European agriculture produces an abundance of high quality food, but also massive amounts of waste from crops and farm animals, including about 1.4 billion tonnes of manure each year.

Farm waste is bursting with nutrients, but these are often in complex organic molecules, which take time to break down into minerals for crop plants to use. Manure is voluminous, difficult to transport and usually generated far from crop fields. Consequently, farmers rely on chemical fertiliser that is often imported into Europe.

While the EU market for fertiliser is valued at between €20 - 25 billion per year, synthetic fertiliser accounts for 80% of products. The nitrogen is made by taking the chemical from the air and using energy from fossil fuels to convert it into ammonium salts that plants easily consume. Phosphorous, the other main ingredient in chemical fertiliser, is made from rocks mined mostly in Morocco, but also China and the US.

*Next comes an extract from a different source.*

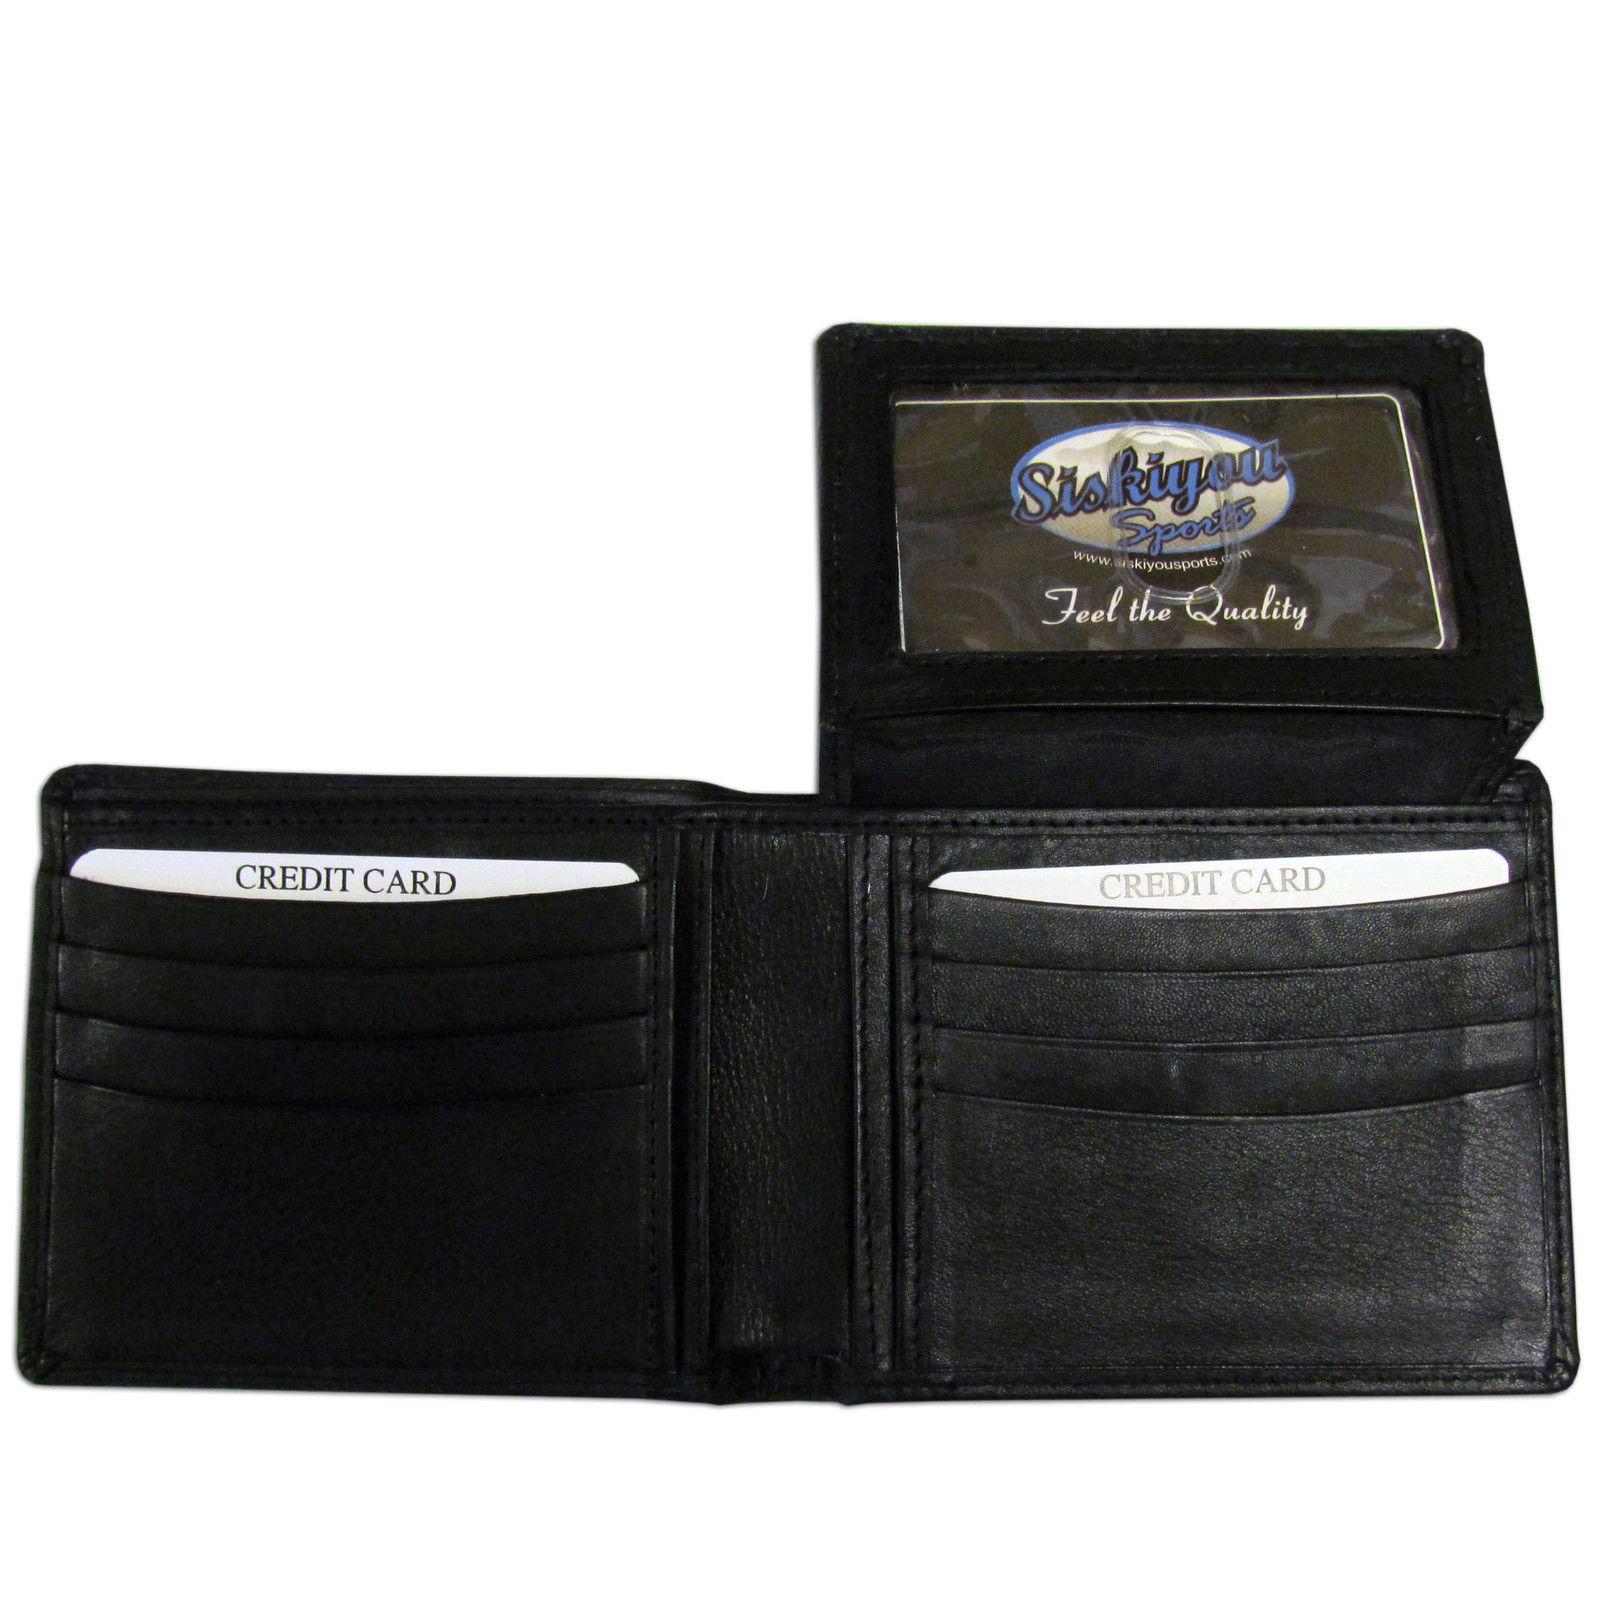 Nfl Bifold Wallet In A Window Box - Seattle Seahawks
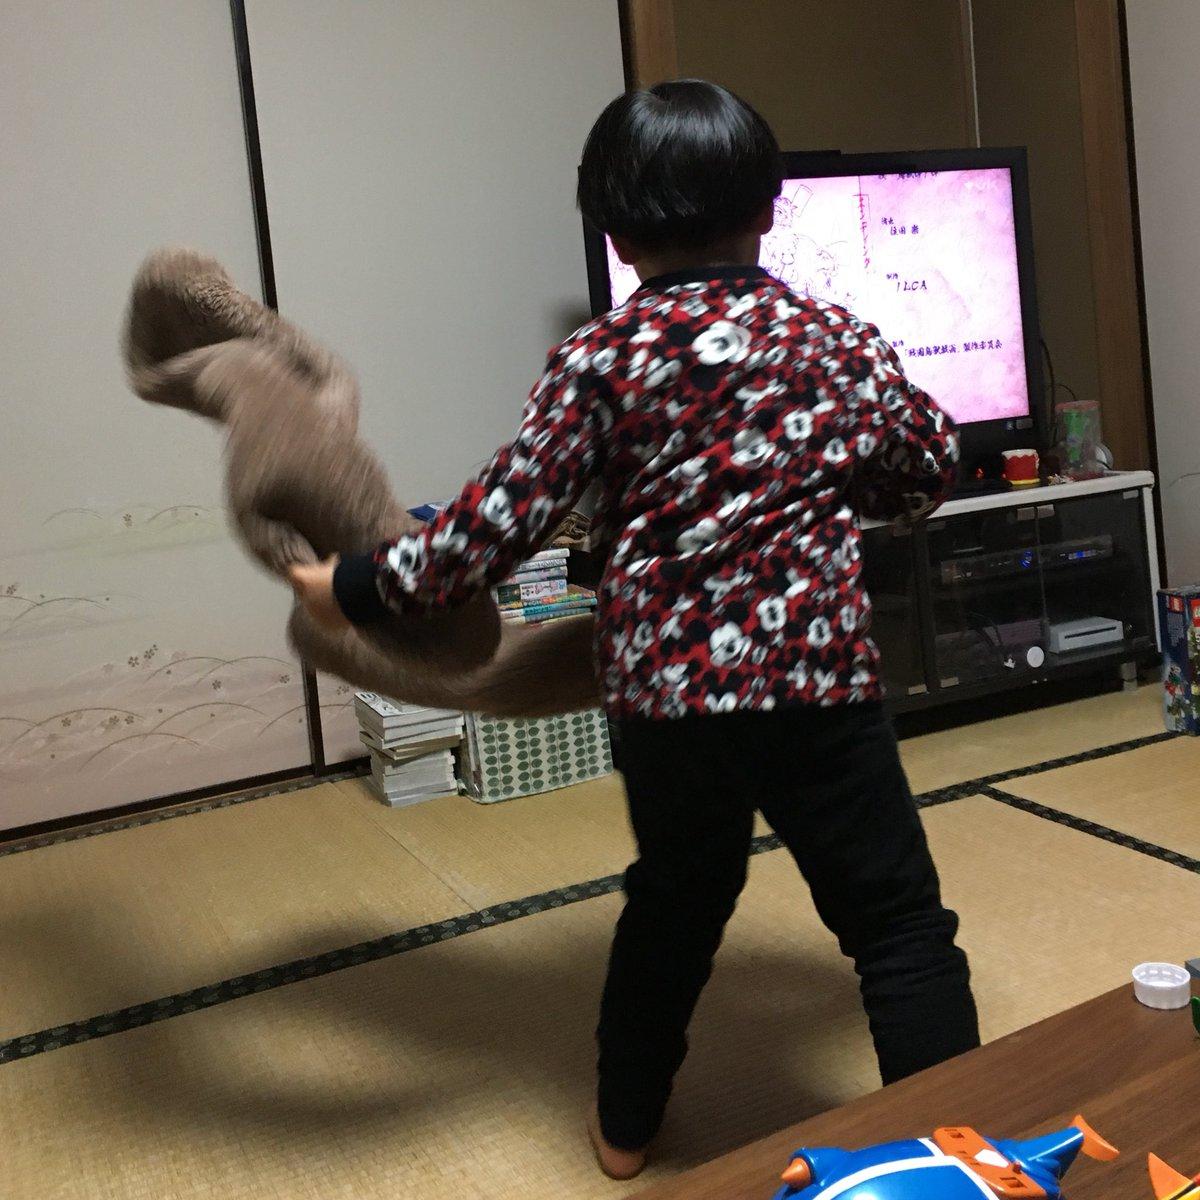 「戦国鳥獣戯画」のエンディングのオタ芸を、ヒトのモコモコ靴下を使って踊りまくる4歳児。

Meanwhile, nutrients spread onto farmland can leach into rivers and lakes, causing algal blooms and fish deaths, or evaporate as greenhouse gases.

‘We have too many nutrients flowing around in Europe, causing environmental problems,’ said Professor Erik Meers, an environmental chemist at Ghent University in Belgium. ‘We also have an increasing amount of chemical fertiliser, nitrogen and phosphate, being used.’